What is $ \int{\dfrac{{{\tan }^{2}}x}{\sec x}dx} $ ?

Answer 1

Hint: We first use the trigonometric form of $ {{\tan }^{2}}x={{\sec }^{2}}x-1 $ to simplify the fraction form of $ \dfrac{{{\tan }^{2}}x}{\sec x} $ . Then we break the integration in two parts and use the integral form of $ \int{\cos xdx}=\sin x $ and $ \int{\sec xdx}=\log \left| \sec x+\tan x \right| $ . We use an integral constant to find the final solution.

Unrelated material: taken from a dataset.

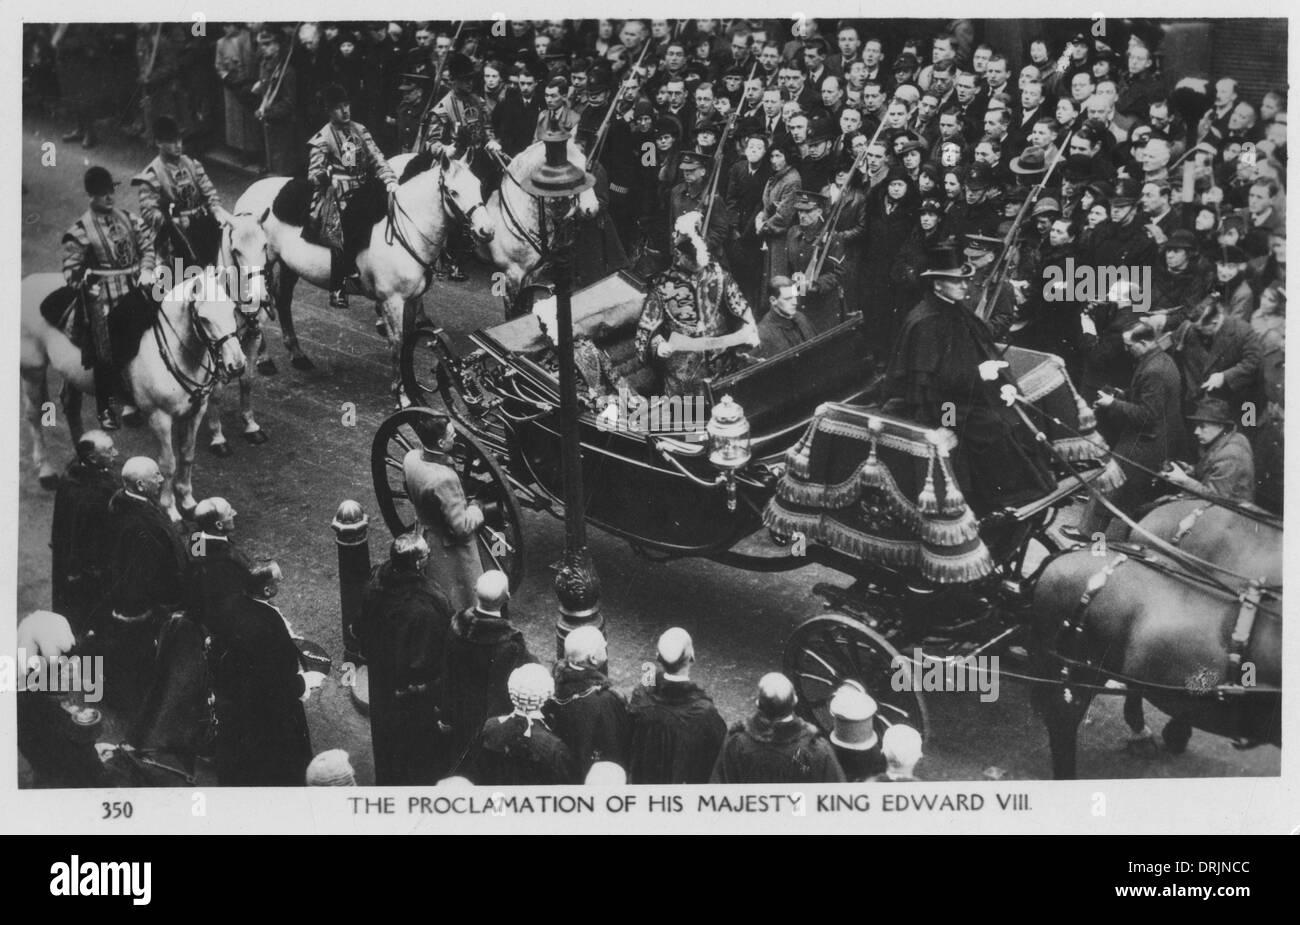 The proclamation of his Majesty King Edward VIII. - Stock Image

Complete step by step solution:
We first need to convert the numerator of the fraction $ \dfrac{{{\tan }^{2}}x}{\sec x} $ into the form of $ {{\tan }^{2}}x={{\sec }^{2}}x-1 $ .
We now simplify the given fraction in the form of
 $ \dfrac{{{\tan }^{2}}x}{\sec x}=\dfrac{{{\sec }^{2}}x-1}{\sec x}=\sec x-\dfrac{1}{\sec x} $ .
We know that
 $ \dfrac{1}{\sec x}=\cos x $ which gives $ \dfrac{{{\tan }^{2}}x}{\sec x}=\sec x-\cos x $ .
Now we integrate the function separately and get
 $ \int{\dfrac{{{\tan }^{2}}x}{\sec x}dx}=\int{\left( \sec x-\cos x \right)dx} $ .
The function gets separated and gives
 $ \int{\left( \sec x-\cos x \right)dx}=\int{\sec xdx}-\int{\cos xdx} $ .
We know that $ \int{\sec xdx}=\log \left| \sec x+\tan x \right| $ and $ \int{\cos xdx}=\sin x $ .
Therefore, the integral form is
 $ \int{\left( \sec x-\cos x \right)dx}=\log \left| \sec x+\tan x \right|-\sin x+c $ .
Here $ c $ is the integral constant.
Therefore, the solution of $ \int{\dfrac{{{\tan }^{2}}x}{\sec x}dx} $ is $ \log \left| \sec x+\tan x \right|-\sin x+c $ .
So, the correct answer is “ $ \log \left| \sec x+\tan x \right|-\sin x+c $ .”.

Note: We can also solve the integration using the base change for the variable $ z=\tan x $ . In that case the sum gets complicated but the final solution would be the same. It is better to watch out for the transformations in the trigonometric forms in the fractions and take that as the change in the variable.